Monday, 1 July 2013

Hidden London, Well Hall

Article reproduced in full from:

A wartime housing estate in North Eltham, containing the grounds of the former Tudor building of that name

Well Hall was recorded as early as the 13th century and its great house was built for the landowner Sir William Roper and his wife Margaret, daughter of Sir Thomas More, after their marriage in 1521. Sir Gregory Page bought the property in the 1730s and demolished the house but its inner moat and barn have survived, the latter (shown above) as a restaurant and function venue.
In 1905 Woolwich council created Well Hall Road (now the A205) from the country track that had been Woolwich Lane, and it became a tram route in 1910. Following the outbreak of the First World War, the government acquired 96 acres of farmland on either side of Well Hall Road to build an estate for munitions workers at Woolwich. Construction workers were drafted in from all parts of London to build 1,300 homes on ‘garden city’ lines and the project was completed by December 1915. Despite the urgency, the Ministry of Works team, led by Francis Baines, achieved high archi­tectural standards, especially in terms of stylistic variation. Many of the three miles of roads curved with the contours of the land and field boundary trees were retained where possible.

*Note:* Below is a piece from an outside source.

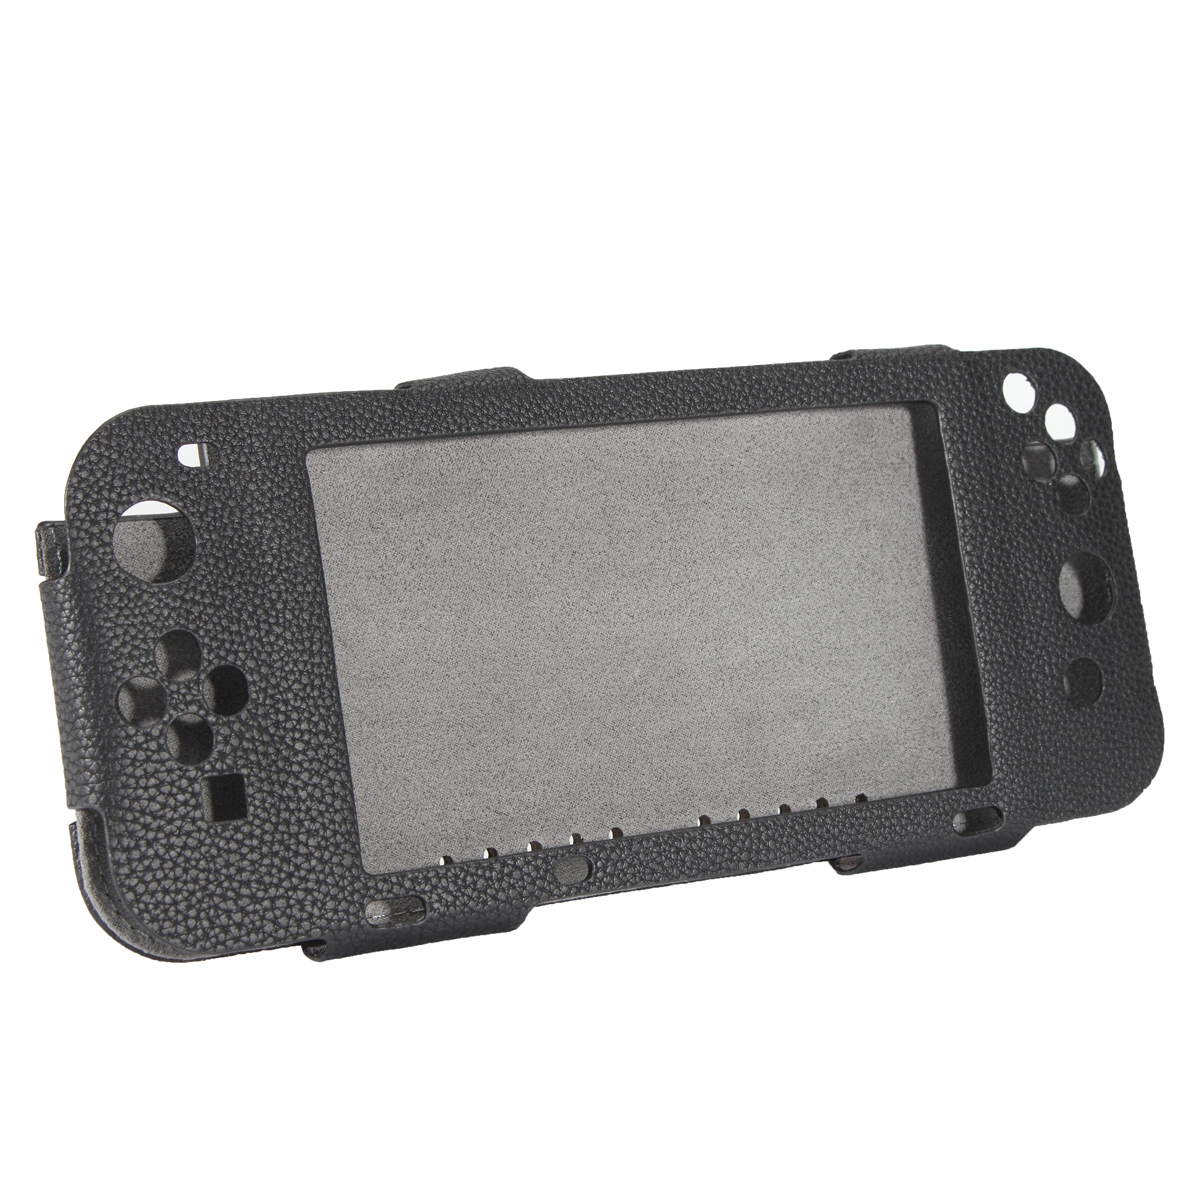 Leather-Protective-Case-Cover-Protecor-for-Nintendo-Switch-Game-Console-1540488-5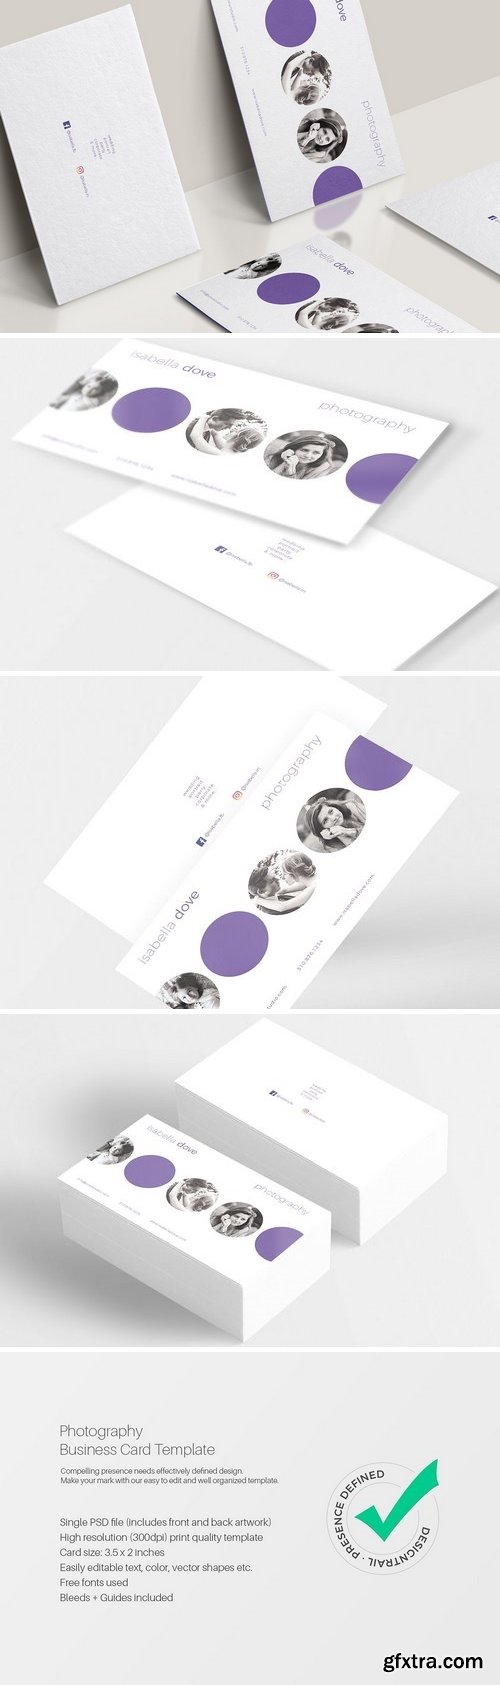 CM - Photography Business Card Template 1569861

The new estate’s streets were named after men with historical associ­ations with Woolwich, mostly in munitions production but with one notable exception: Lovelace Green is named after the poet Richard Lovelace, who was born at Woolwich in 1618. He is best known for the lines ‘Stone walls do not a prison make /​ Nor iron bars a cage’, from his poem ‘To Althea, From Prison’.
In 1925 the government sold the Well Hall estate to the Royal Arsenal Co-​​operative Society, which renamed it the Progress estate. The house that Sir Gregory Page built to replace Well Hall (which was later given the same name) was pulled down in 1931 and the gardens of Well Hall Pleasaunce were laid out in its place. A swathe of land across the estate had been left empty for the planned construction of Rochester Way, which came through in the early 1930s, leading to the creation of the Well Hall roundabout. At the same time Sir Gilbert Scott’s Church of St Barnabas was relocated here from Woolwich Dockyard. Its church hall is named in honour of the comedian Frankie Howerd, who grew up in Arbroath Road. The Well Hall Odeon opened in 1936 and later became the Coronet.

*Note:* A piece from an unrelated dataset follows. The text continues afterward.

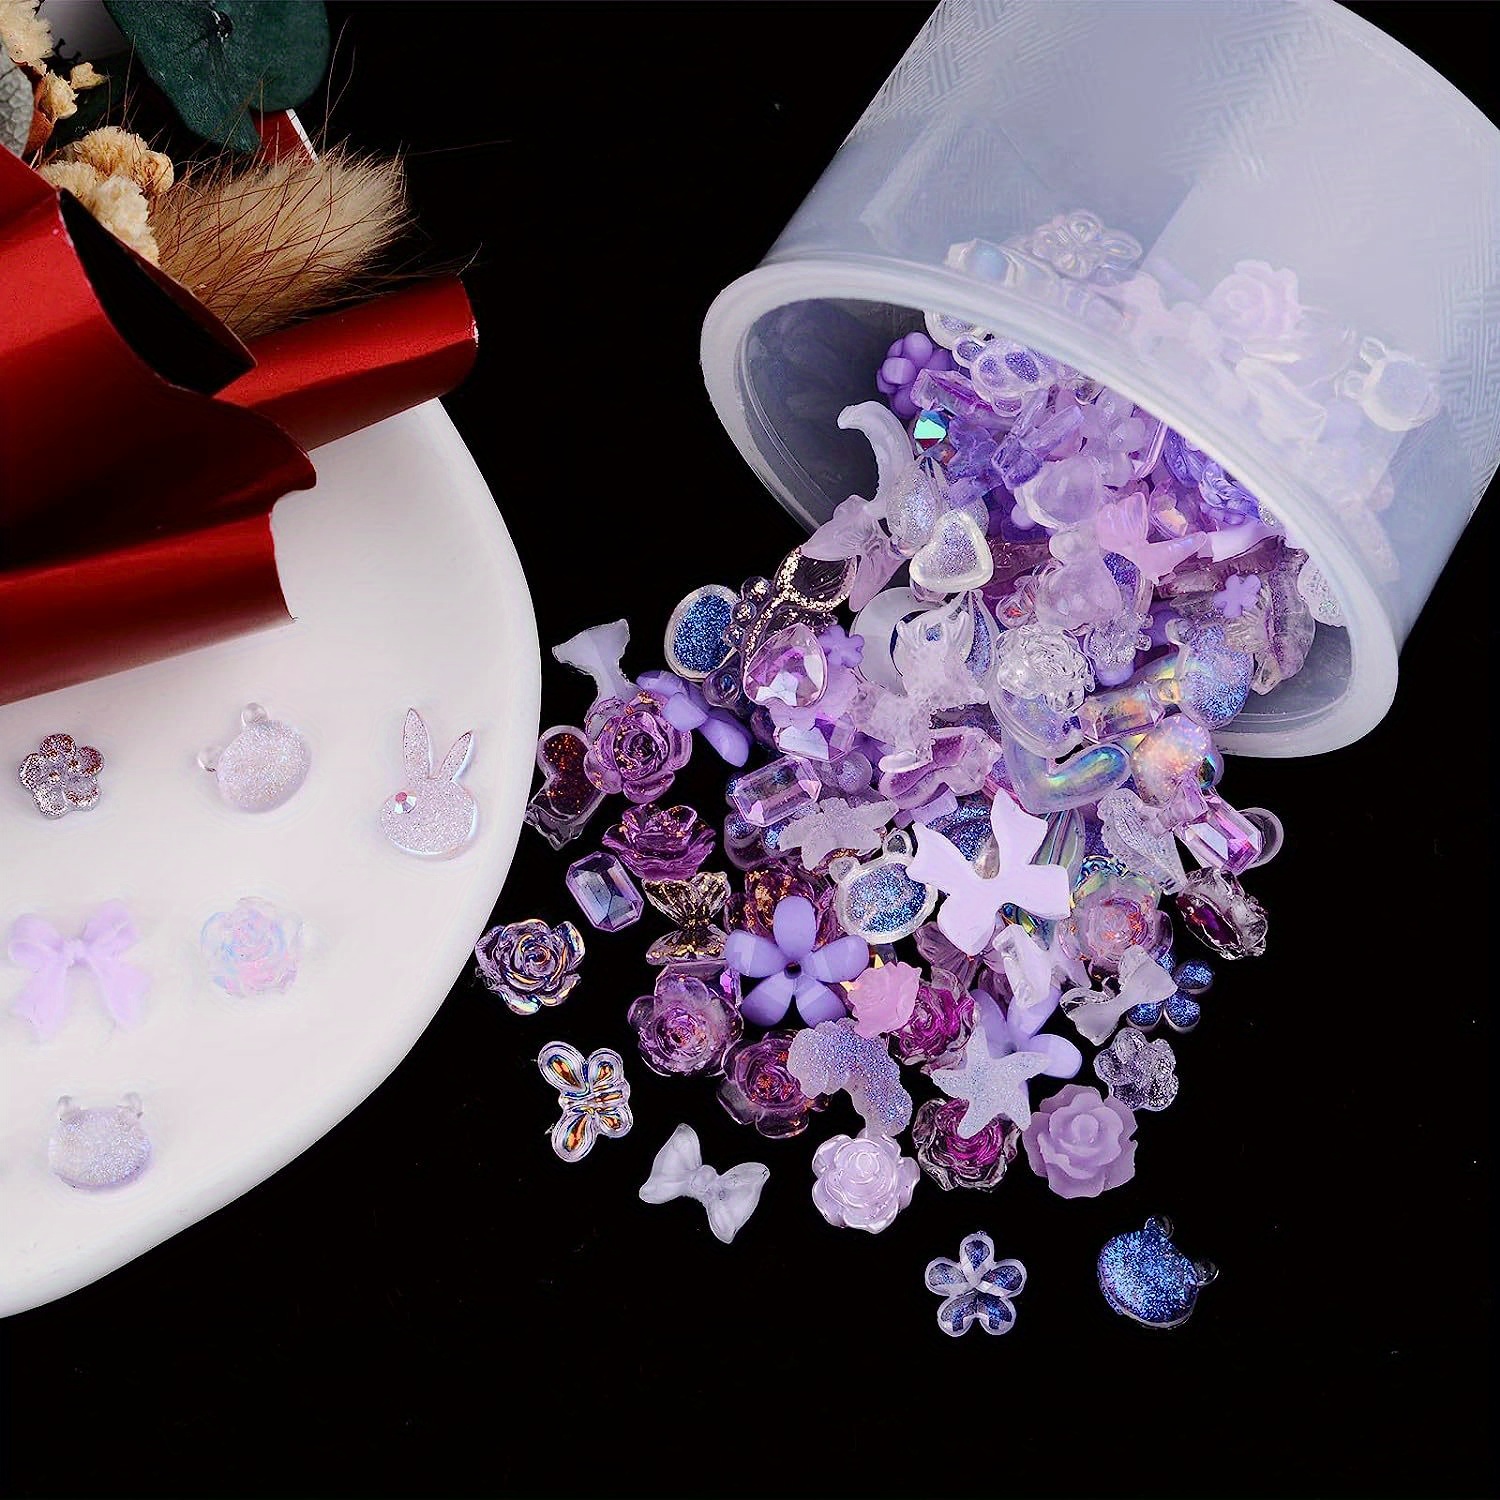 Colored Iridescent Jewels - Craft Supplies - 200 Pieces

The Well Hall estate gained conser­vation area status in 1975 and the Co-​​operative Society sold its interest in the estate to the Hyde Housing Association in 1980.

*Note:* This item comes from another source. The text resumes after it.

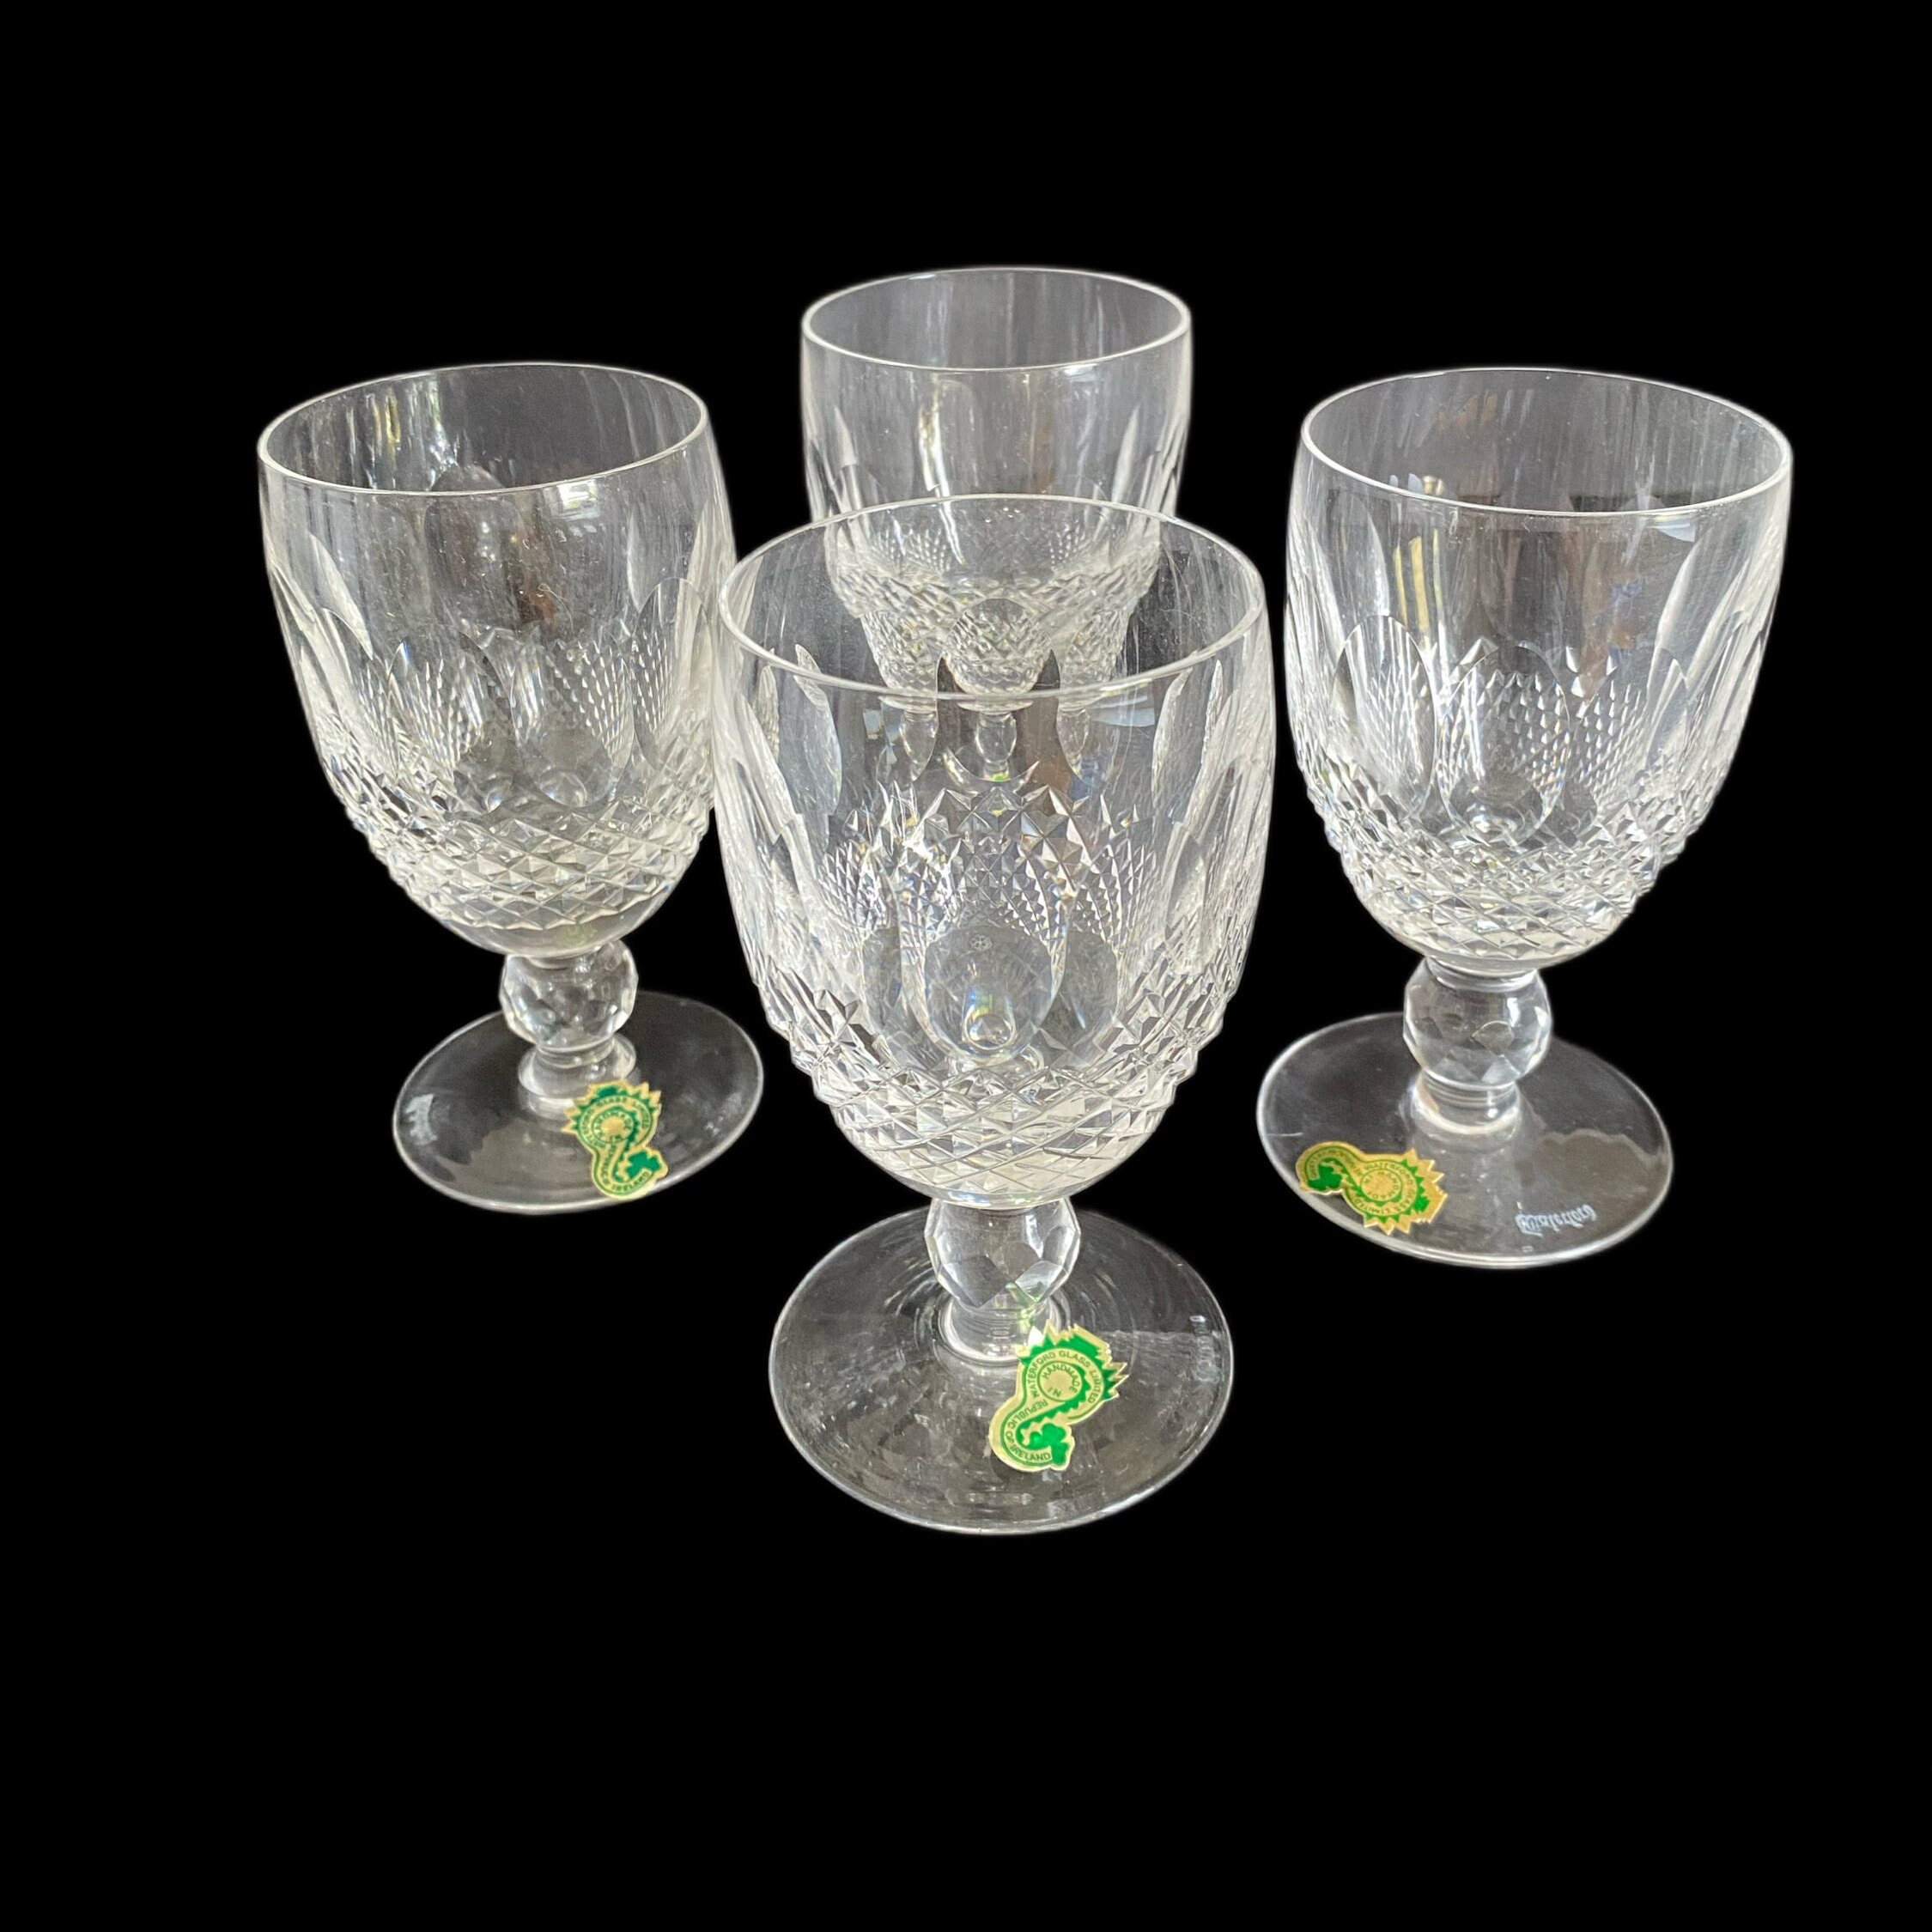 3 Waterford Colleen Short Stem Crystal 4 1/2 White Wine Glasses 4

(Bugler Homes publicity shot)
Well Hall Coronet (Bugler Homes publicity shot)
The Coronet closed in 1999 and lay derelict and vandalised for more than a decade. In 2012 the cinema was at last converted and extended to form a devel­opment of 53 flats and a parade of shops, including a Tesco Express. Perhaps the delay was worth it: the art deco corner frontage is once again looking excellent. It’s a shame some of London’s other unwanted cinema buildings couldn’t have been saved in a similar way.